Learning Minister Lyle Oberg said there was concern for the 350,000 children who have been missing classes, especially the 12th-grade students who risk not graduating this year if the strike drags out much longer.
The decision to order the teachers back to work came after the right-of-center Progressive Conservative Cabinet held a conference call with Premier Ralph Klein, who has the reputaiton of being one of the toughest provincial premiers in Canada. Klein was in Germany, with a trade mission headed by Prime Minister Jean Chretien, and had earlier decided not to fly back home to resolve the crisis.
Some 14,000 teachers across the province have been on strike since Feb. 4, and the crisis deepened Tuesday when another 6,000 public school teachers joined them, bringing the total to more than 20,000, in what has become the biggest teachers' strike in Alberta's history.
The Alberta Teachers Association said it had asked its members to abide by the government's order, but the union's lawyers would be in court on Friday to challenge the government's state-of-emergency declaration.

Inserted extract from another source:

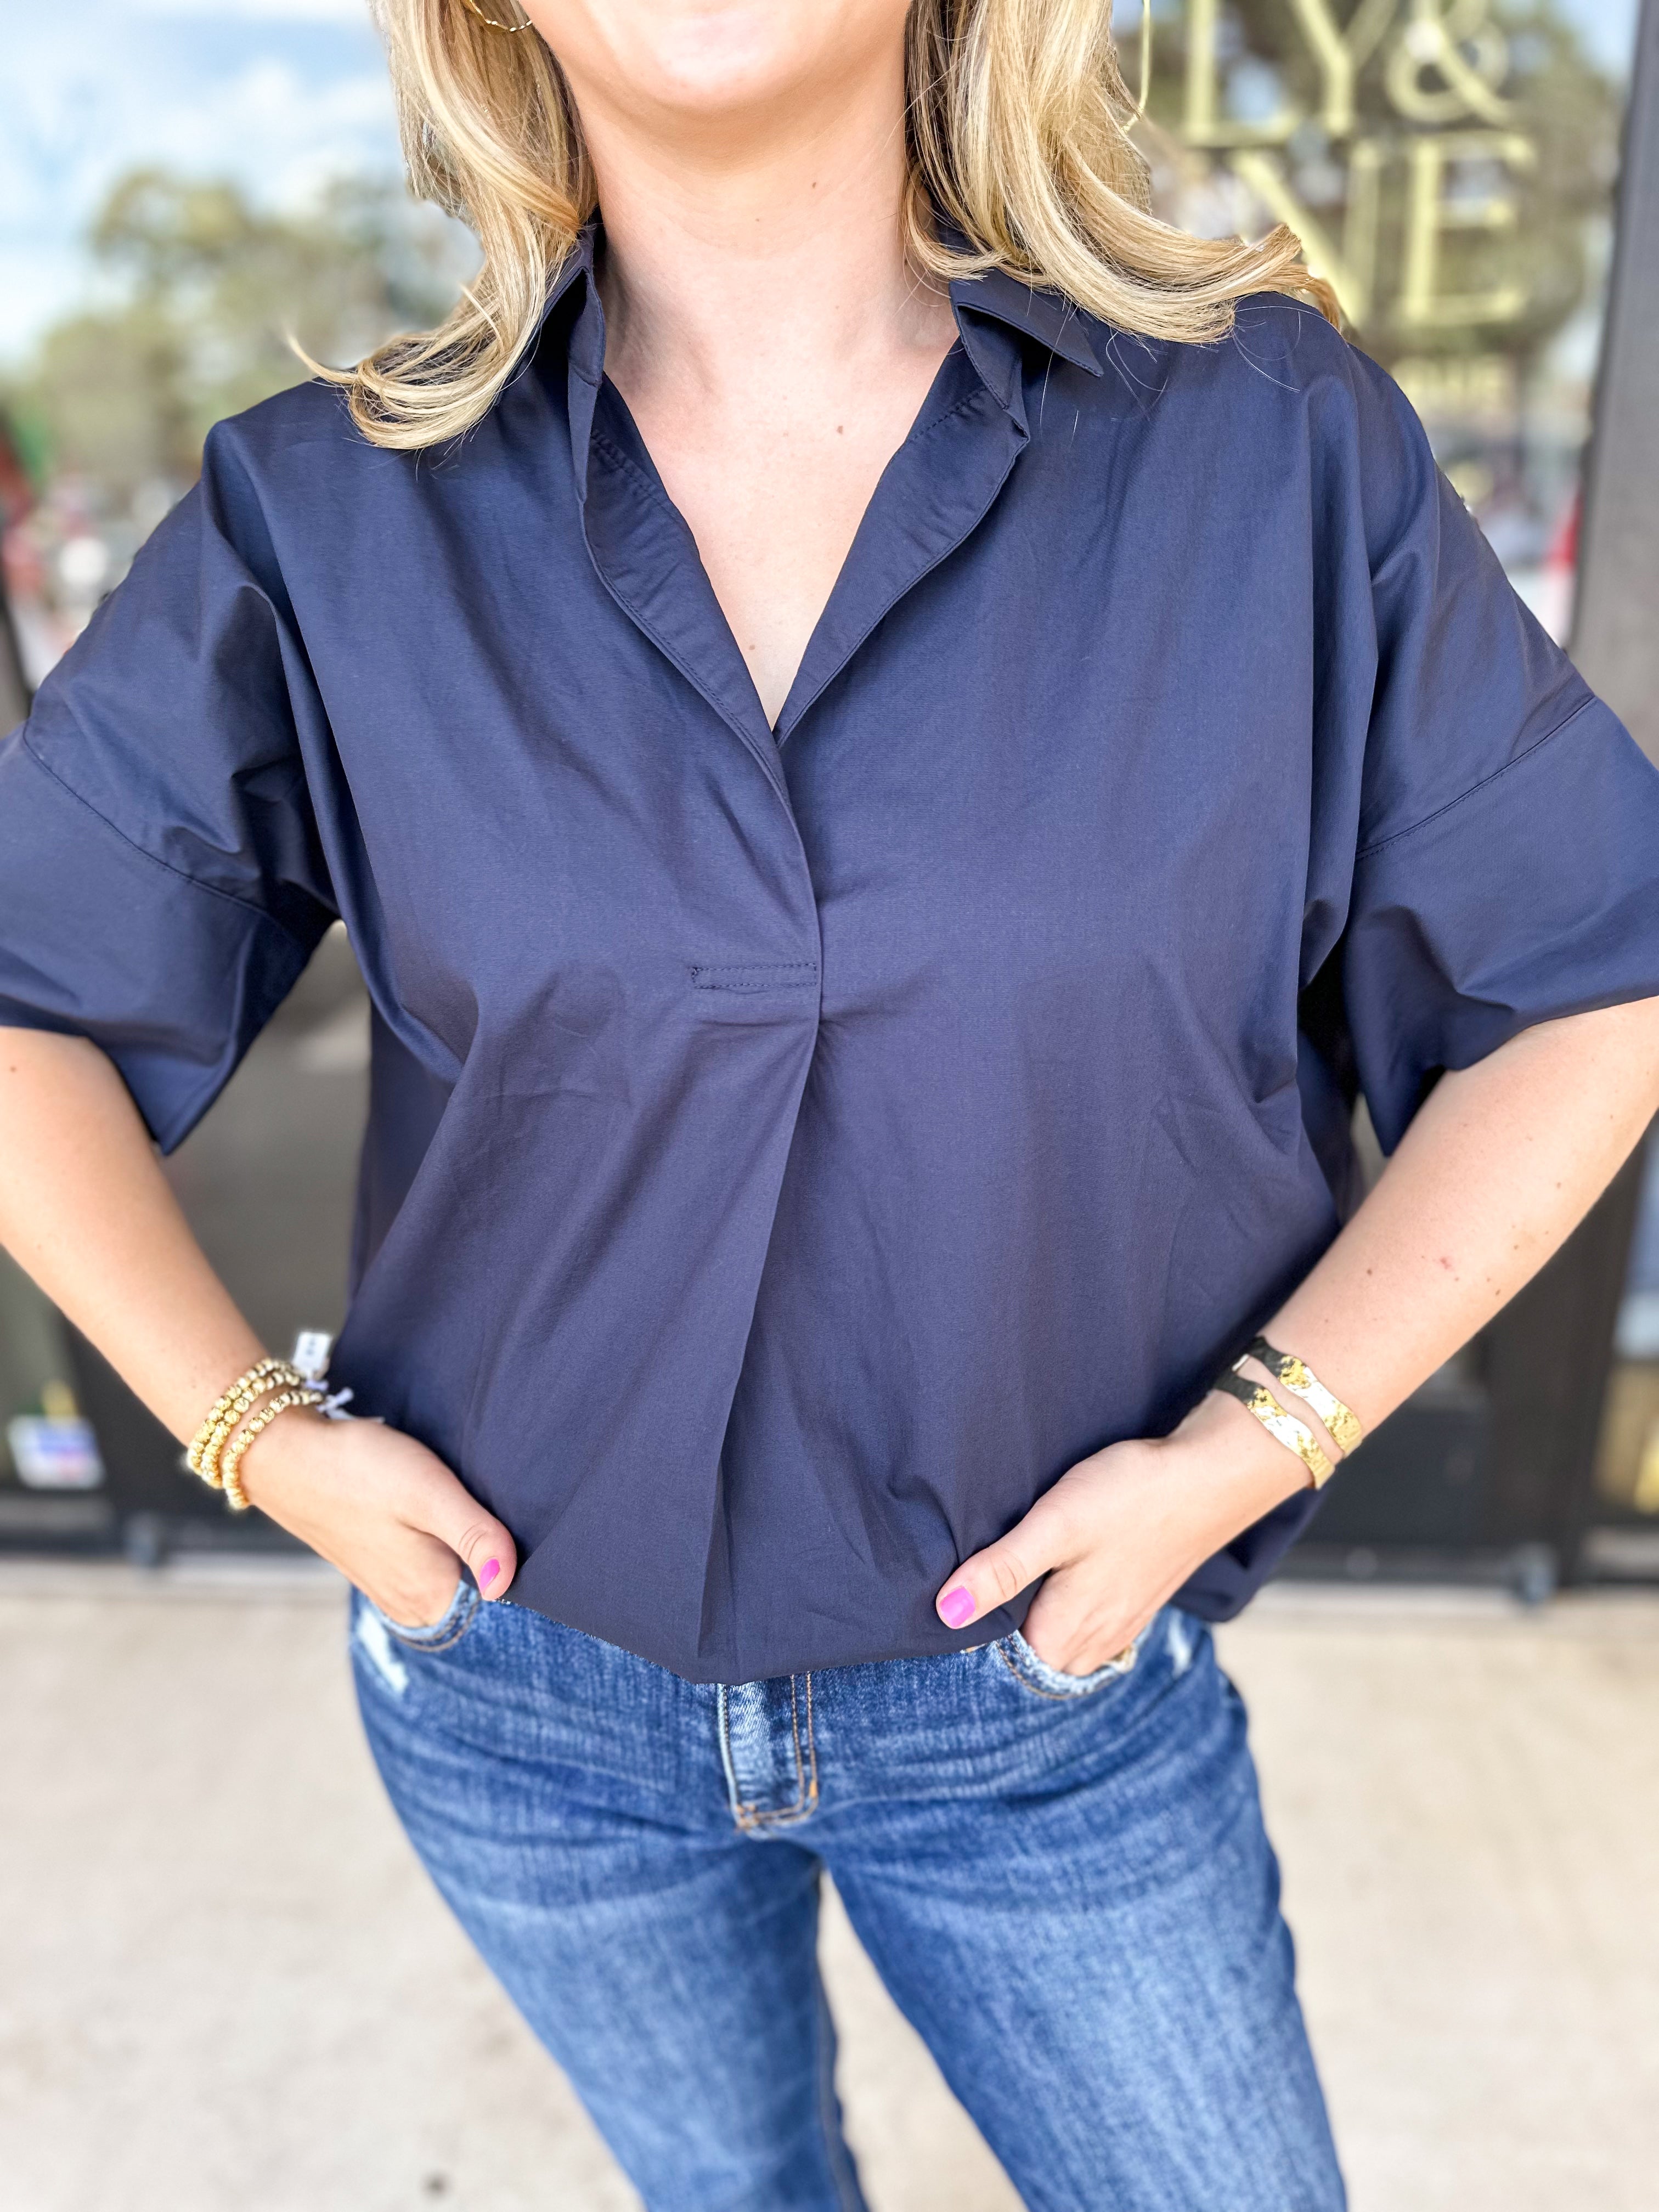 Collard Blouse - Ink-200 Fashion Blouses-PINCH-July & June Women's Fashion Boutique Located in San Antonio, Texas
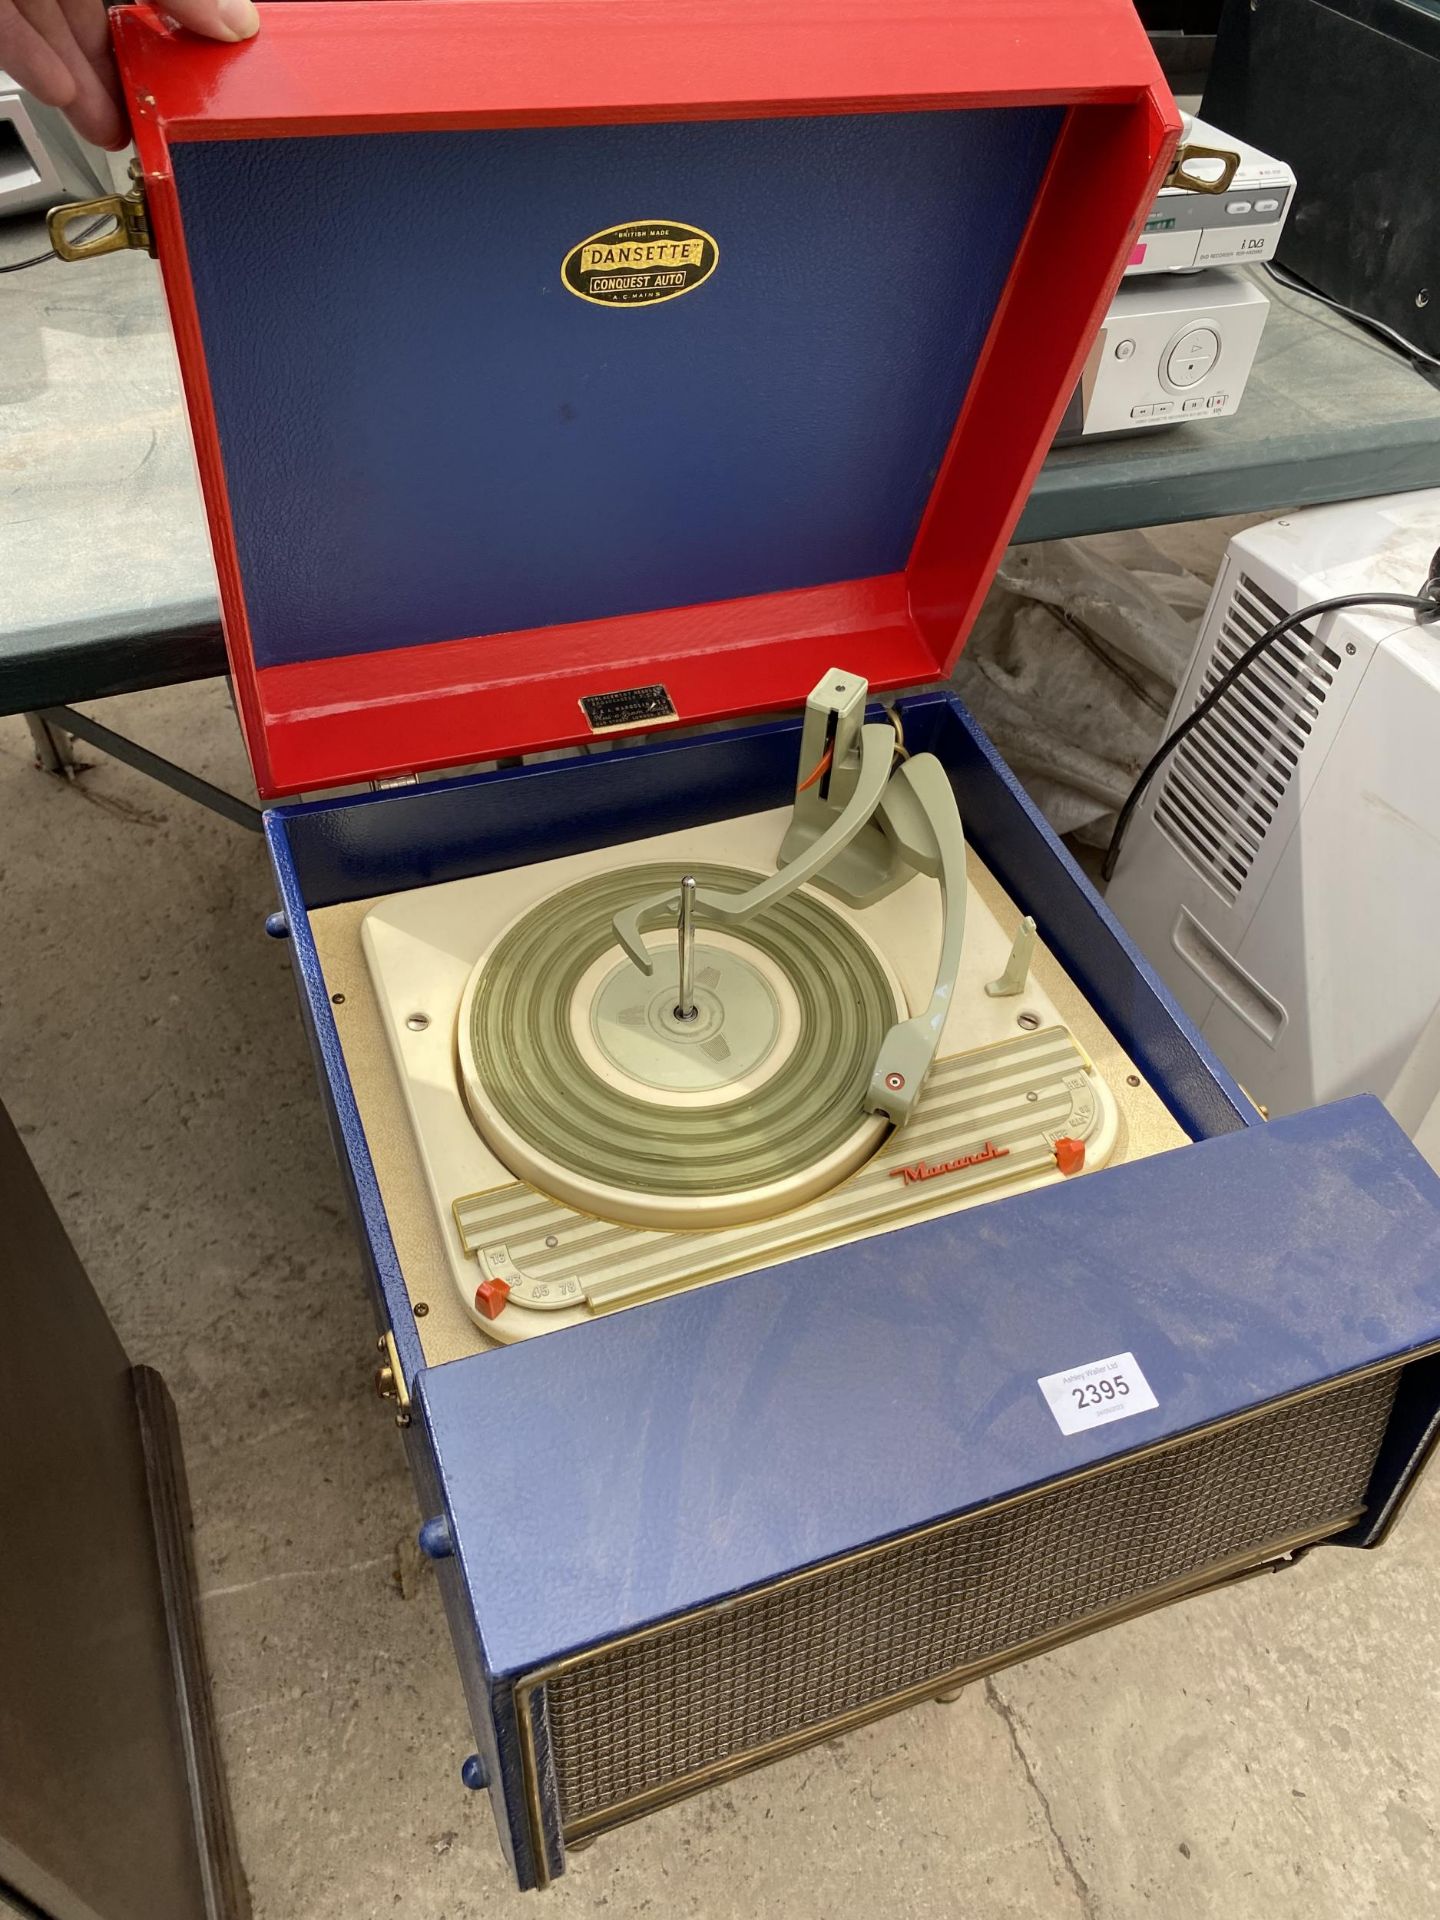 A DANETTE MONARCH RECORD PLAYER ON DANSETTE LEGS - Image 2 of 3

The teachers are demanding more pay, smaller classes, better working conditions, and contract language that would boost recruitment and give teachers longer retention terms.
Klein says Alberta teachers are already among the highest paid in Canada, but last year his government allocated a 6 percent pay hike for them over two years. The teachers are demanding nearly twice that amount. Klein says there simply isn't enough cash in the kitty.
Dunford told reporters the government was giving the teachers' union and the school boards until March 15 to reach a deal, failing which an arbitrator's settlement would be imposed on them.
ATA President Larry Booi said he did not believe the government had enough evidence to prove that an emergency existed. Nevertheless, the teachers had decided earlier that if they were ordered back to work, tbey would abide by the order and return to their classes, while waiting for a court decision
An earlier Ontario court decision, taken as a benchmark in other provinces, sets 23 days as the limit for a teachers' strike, beyond which it becomes an emergency. The 14,000 teachers who walked out on Feb. 4 have been on strike for 17 days, or six days short of the benchmark.